While the project was thrown off course over the past two years, the duo along with editor Daniel Schloss got creative last summer with a virtual film mockumentary, “We Are Out There,” which introducedthe events that occurred in the town of Sand Rock and starred Chicago actors.

The side project gave them a good jump start on casting and the chance to work on the music and orchestrations. Kinosian admits at the beginning, it took him awhile to find his way into the music.

“How do you do a sci-fi musical without relying on the hokiest go-to options,” Kinosian asks. “We’re all familiar with that eerie theremin sci-fi sound. It’s a minefield of cliches and limited imagination.”

Kinosian says since the musical is set in the ’50s, the golden age of musicals, he wanted to include that type of “reassuring sound.” And since the story takes place in the “wide open spaces and endless desert of the West,” he was also listening to a lot of Aaron Copland for inspiration.

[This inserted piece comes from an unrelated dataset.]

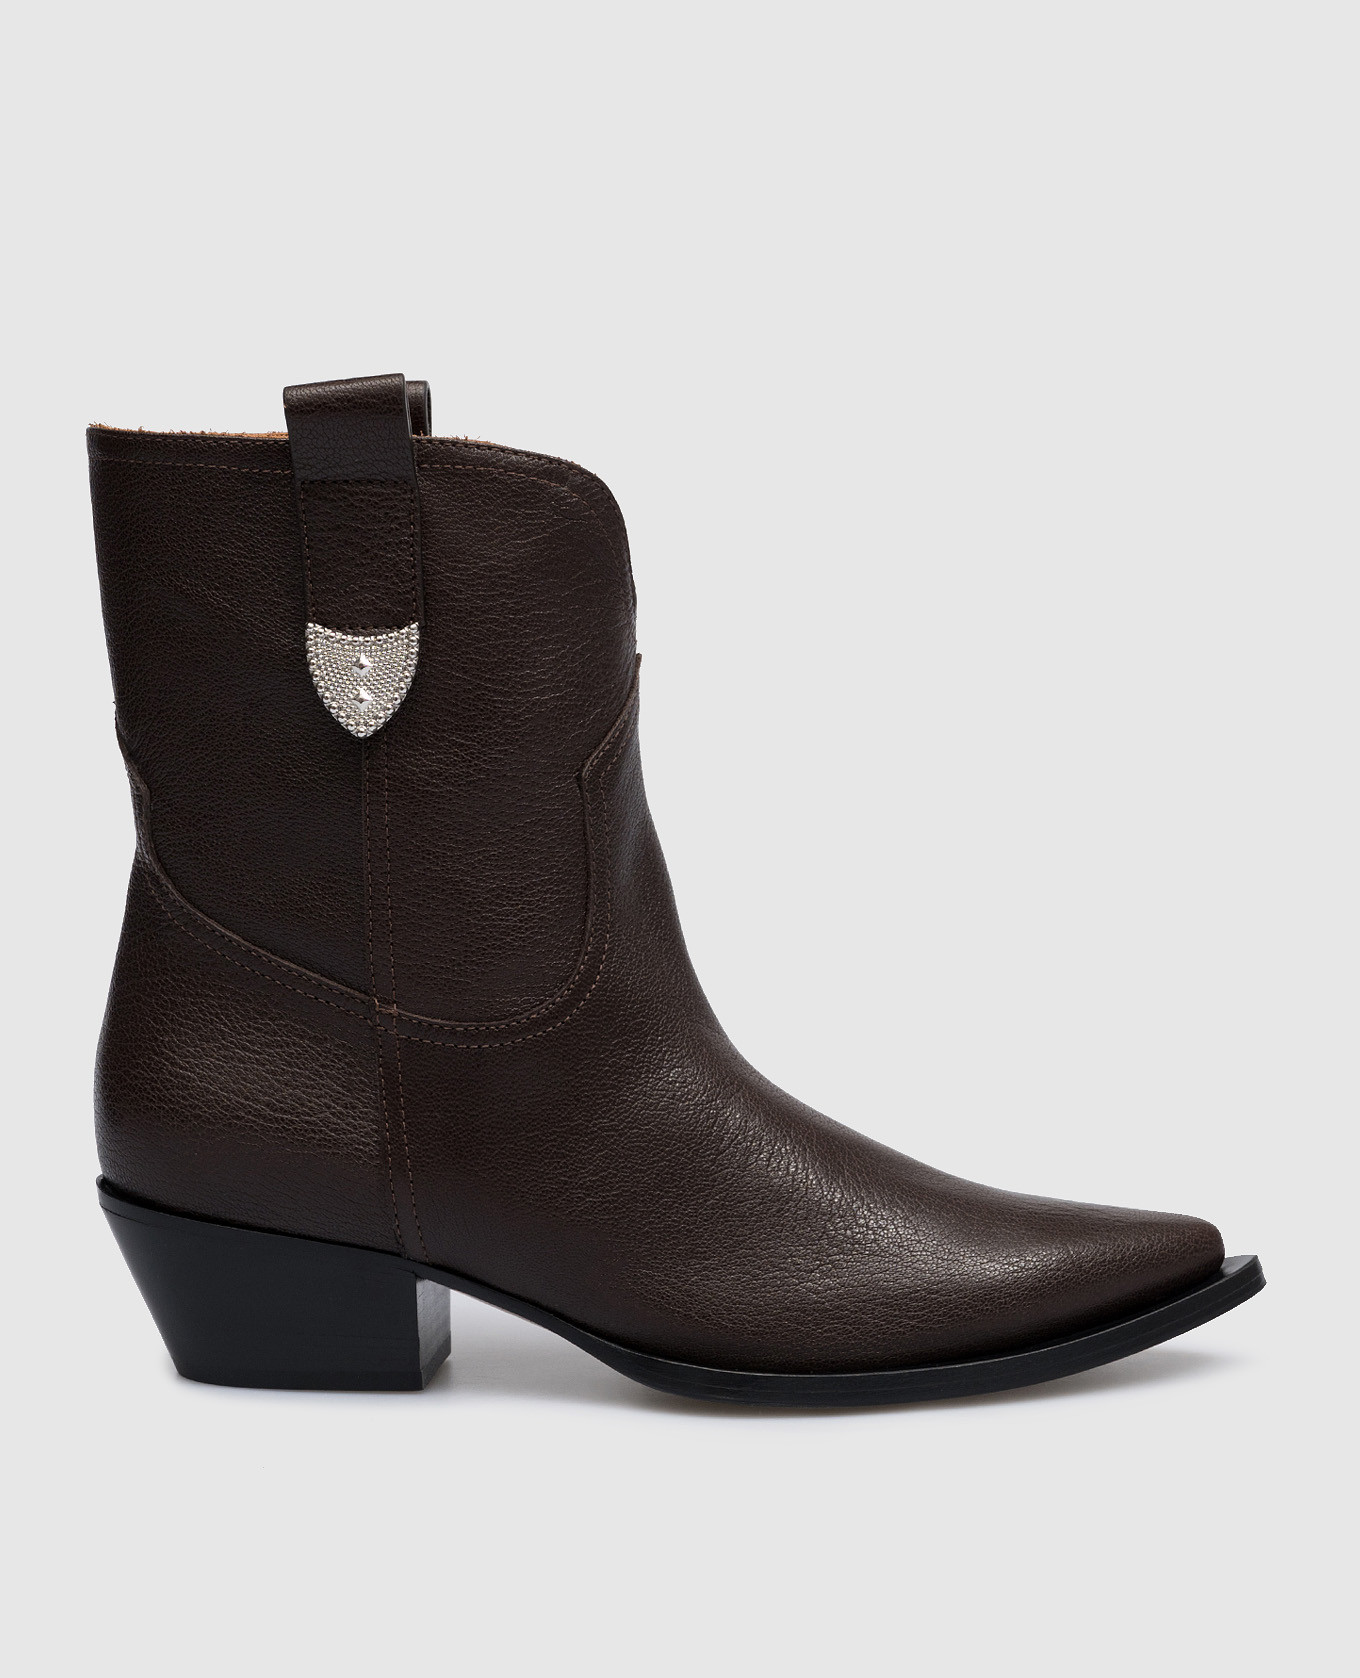 Paris brown leather boots with metal details
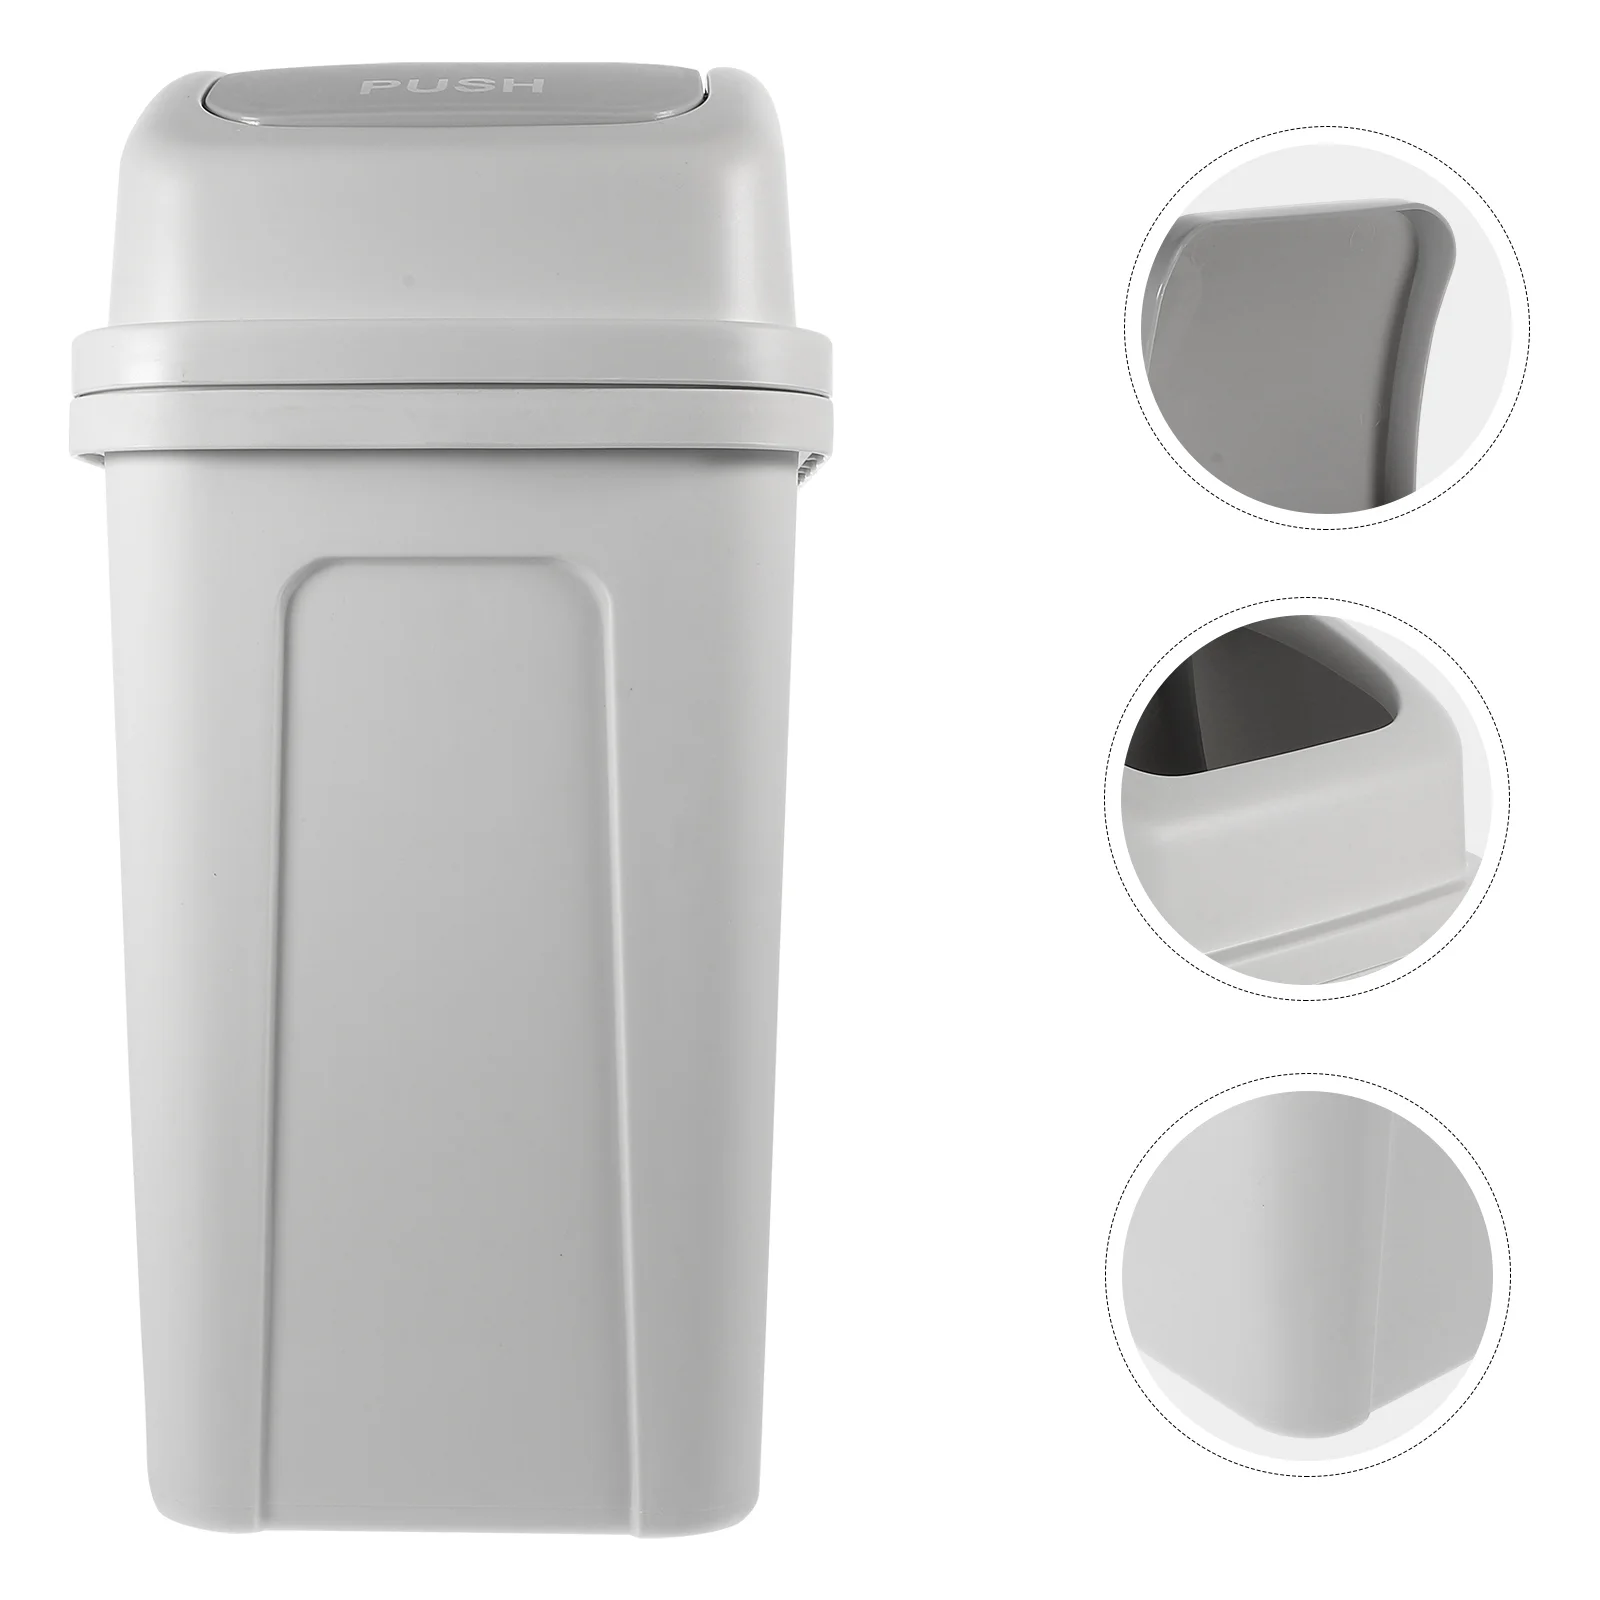 

Small Trash Can Lid 1.8 Gallon Thicken Plastic Garbage Can Slim Waste Bin Compact Rubbish Container Bucket Bathroom Kitchen

But with the music representing the aliens, he says it can be anything you want: “In creating that, I was thinking along the lines of Laurie Anderson’s music, simplified, repetitive with meaningful changes, a multi-layered tapestry of both organic and electronic sounds.”

Kinosian (from Milwaukee) and Blair (from Seattle) met at the BMI Musical Theatre Workshop in 2008 (“It’s basically speed dating for musical theater writers,” Blair says with a laugh.) It was here where they teamed up to create the Jeff Award-winning musical “Murder for Two,” which premiered at Chicago Shakespeare in 2011 and went on to a successful Off Broadway run.

The amiable duo agrees the first draft of “It Came from Outer Space” was the best first draft they’ve ever written.

“I don’t expect this to ever happen again,” Kinosian says, laughing. “The movie just provided a solid foundation for it all to come together.”

“I think it was kind of a perfect piece for us because ‘Murder for Two’ is escapist and we like writing comedies, we want to always write musical comedies,” adds Blair. “But this was an opportunity to give a much needed bit of substance to what is otherwise a kind of silly and fun sci-fi thing. It allowed us to mature a little bit while still remaining somewhat immature.”